Beginning at the line that contains "یک نمونه نورپردازی صحیح آیینه", reproduce the entries below exactly, ending with the line that contains "cortavientos en campo". Omit each picture.
··· TASK MATERIAL
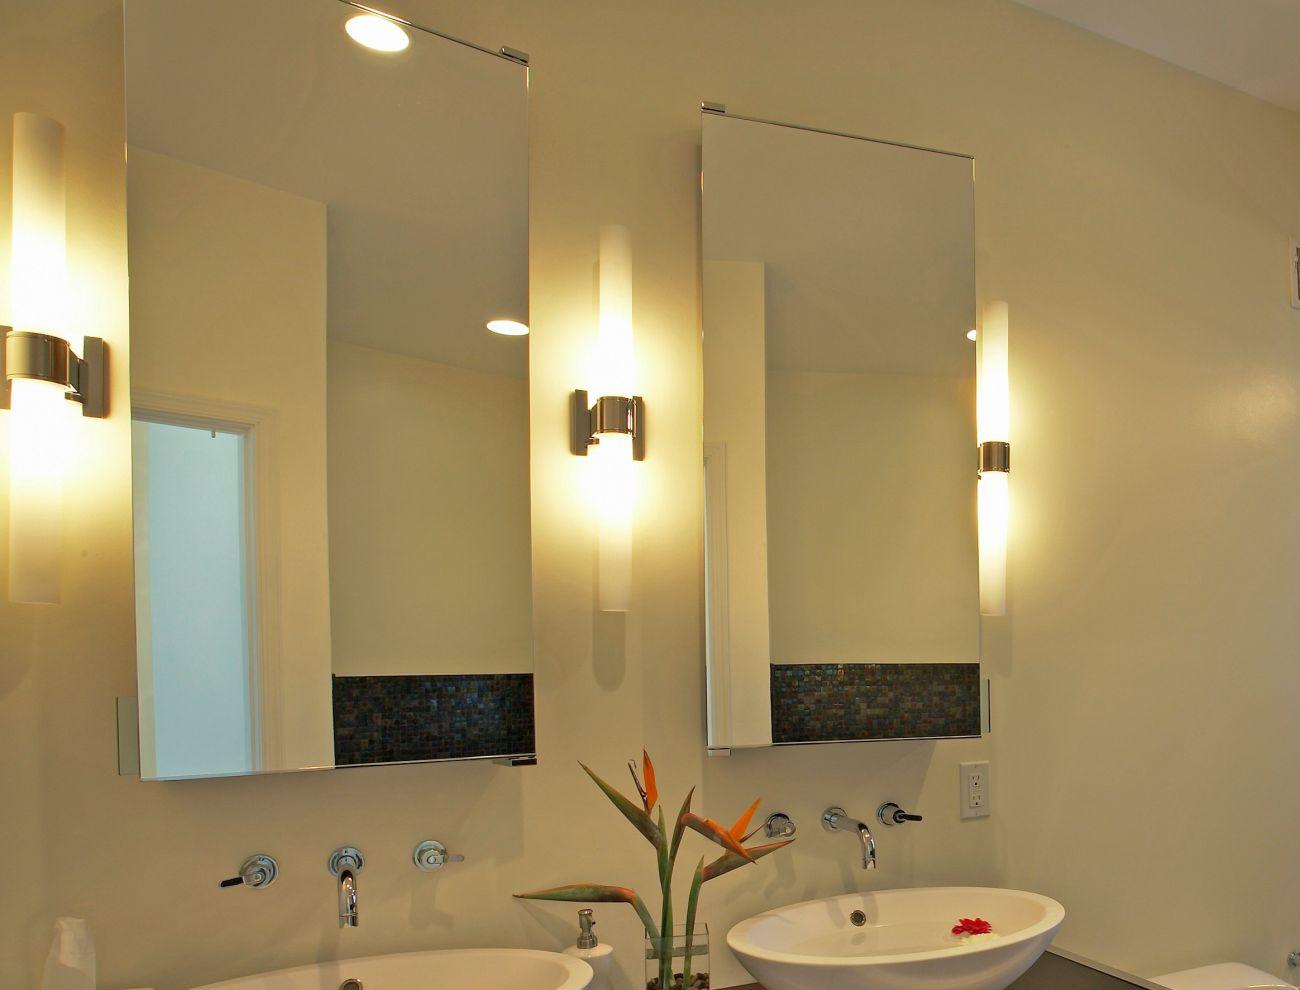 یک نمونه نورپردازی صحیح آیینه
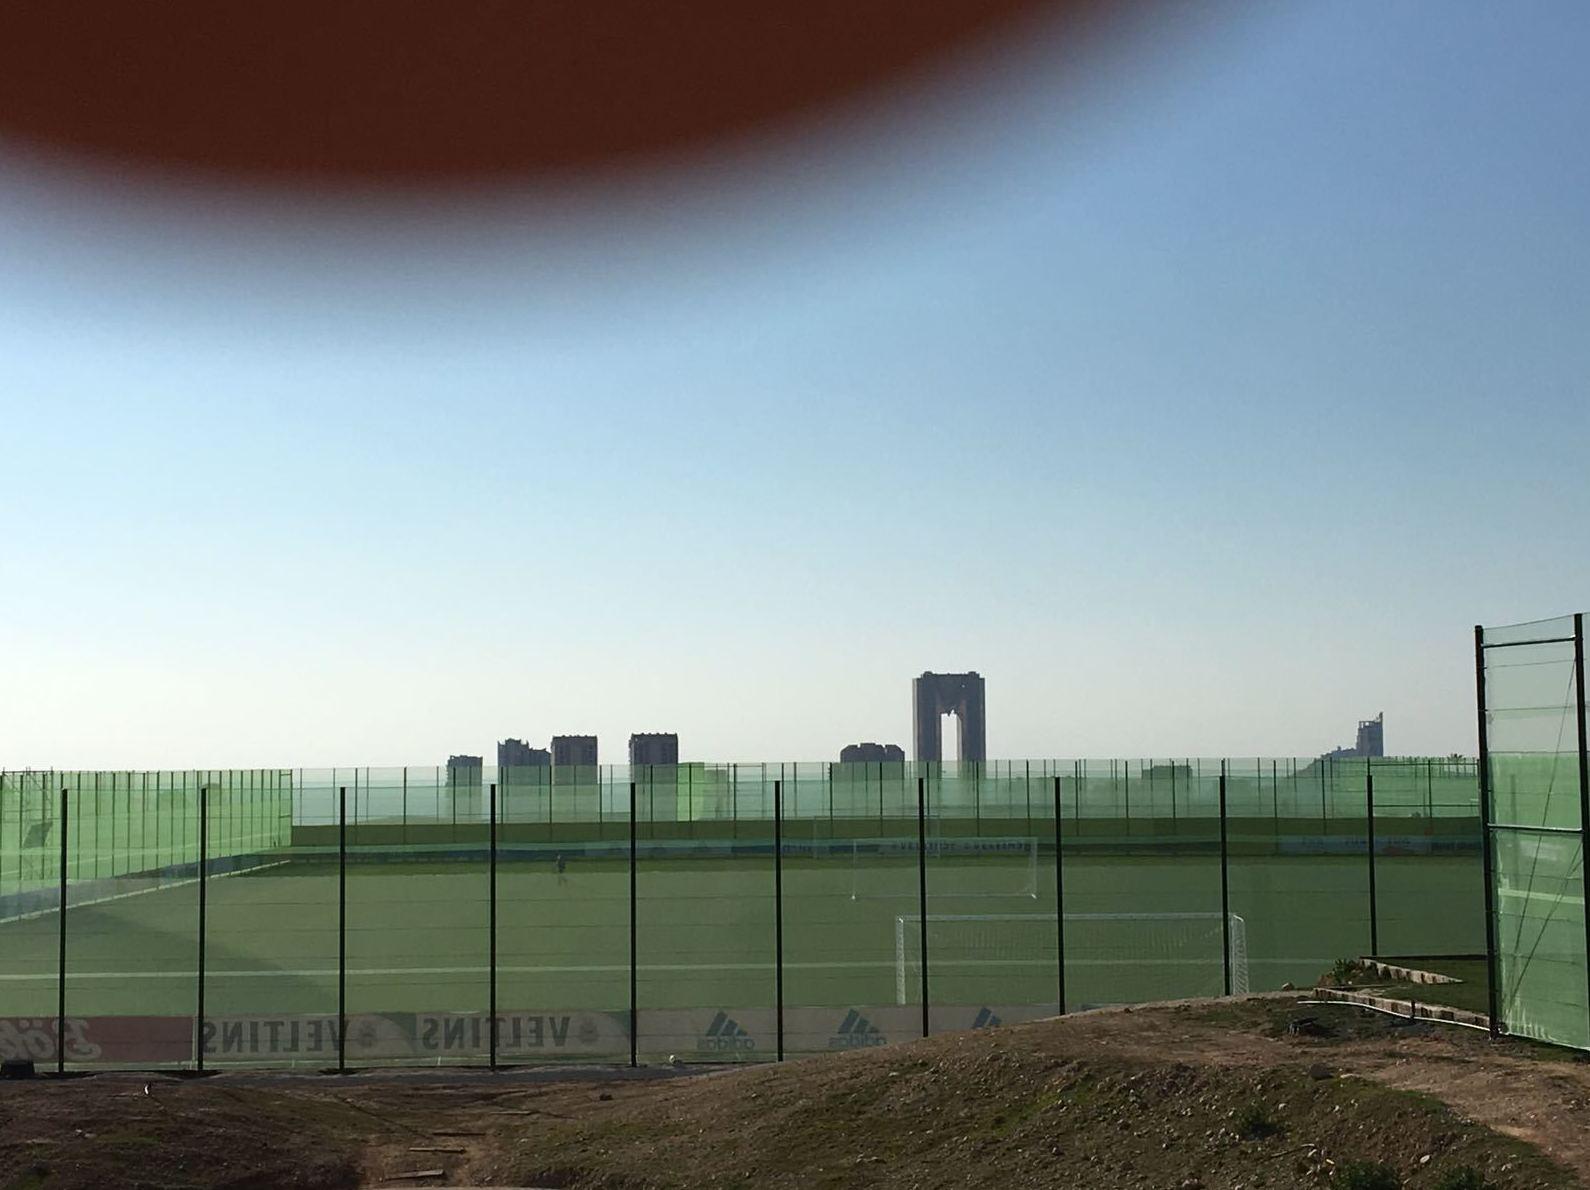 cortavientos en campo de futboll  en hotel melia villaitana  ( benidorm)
······
··· TASK MATERIAL
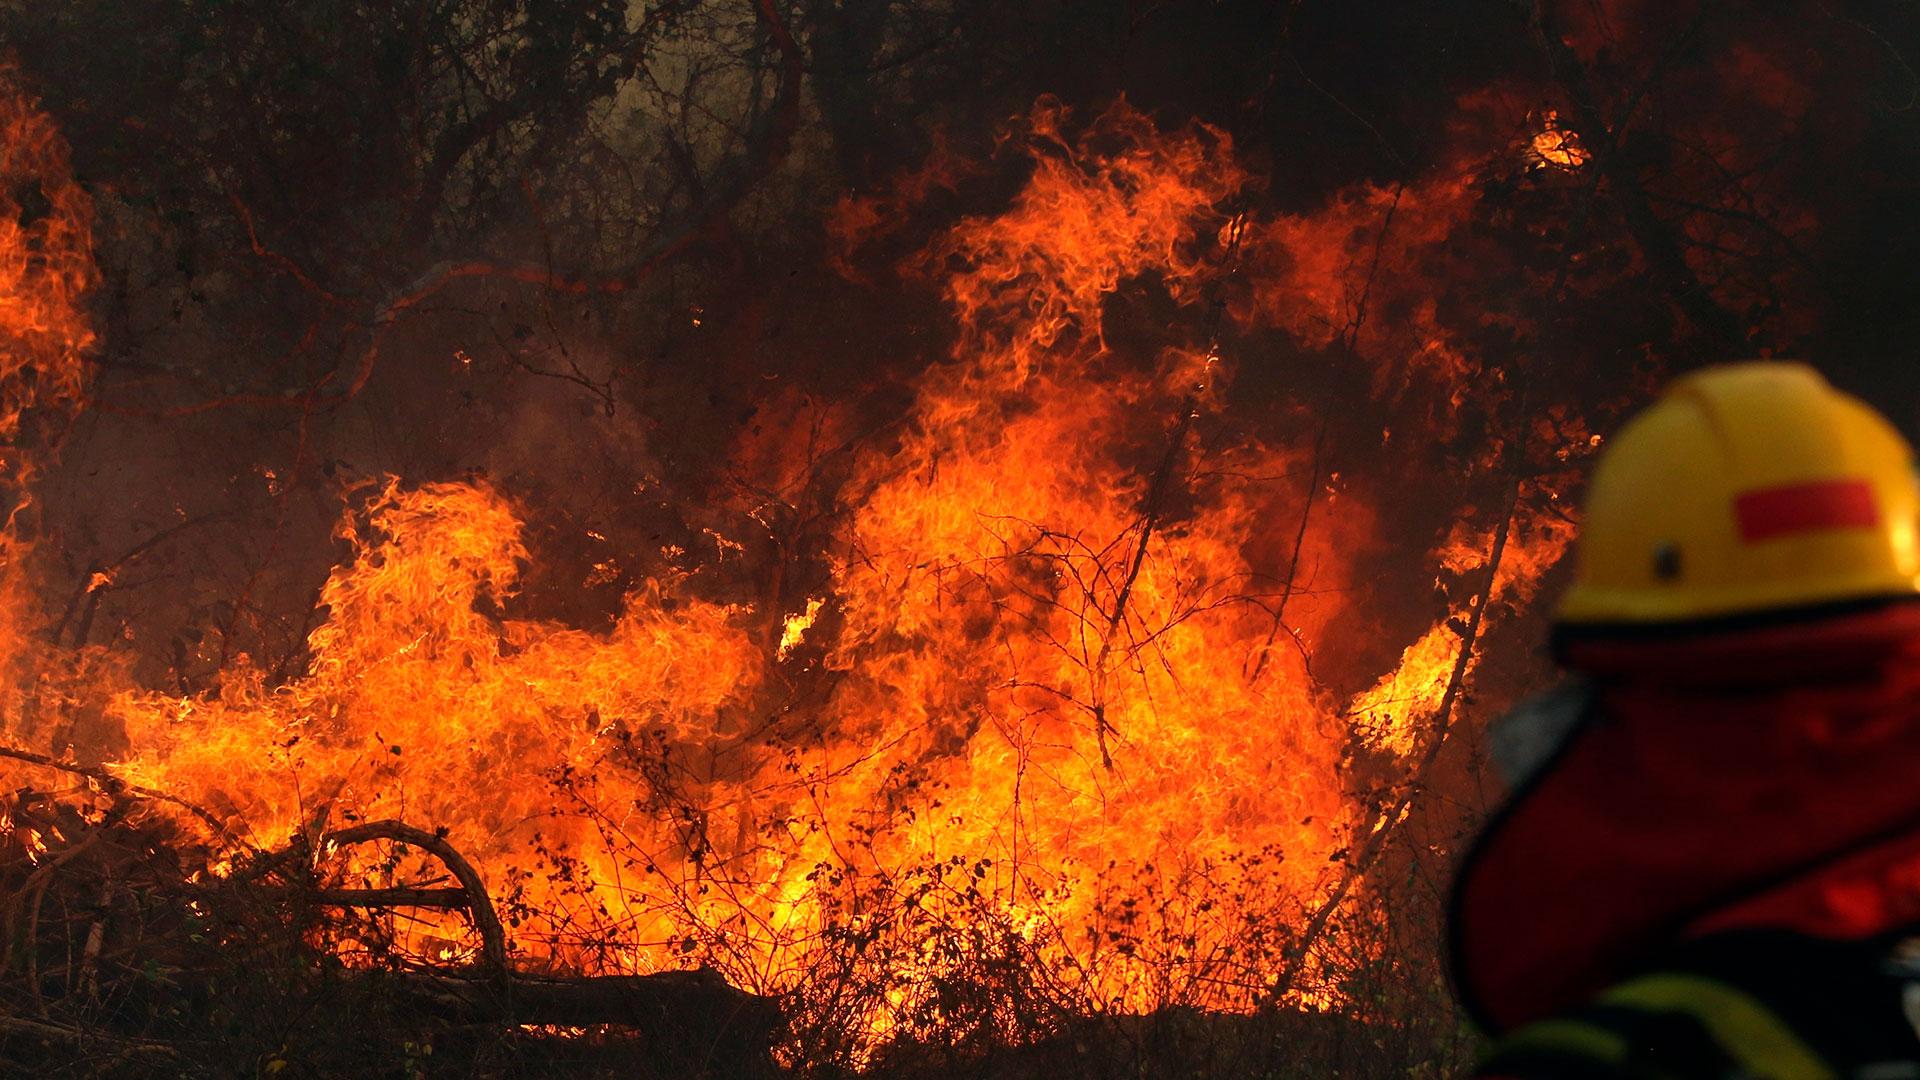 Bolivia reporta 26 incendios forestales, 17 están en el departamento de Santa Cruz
······
- [RESULT FOR THIS TASK]
 یک نمونه نورپردازی صحیح آیینه
 cortavientos en campo de futboll  en hotel melia villaitana  ( benidorm)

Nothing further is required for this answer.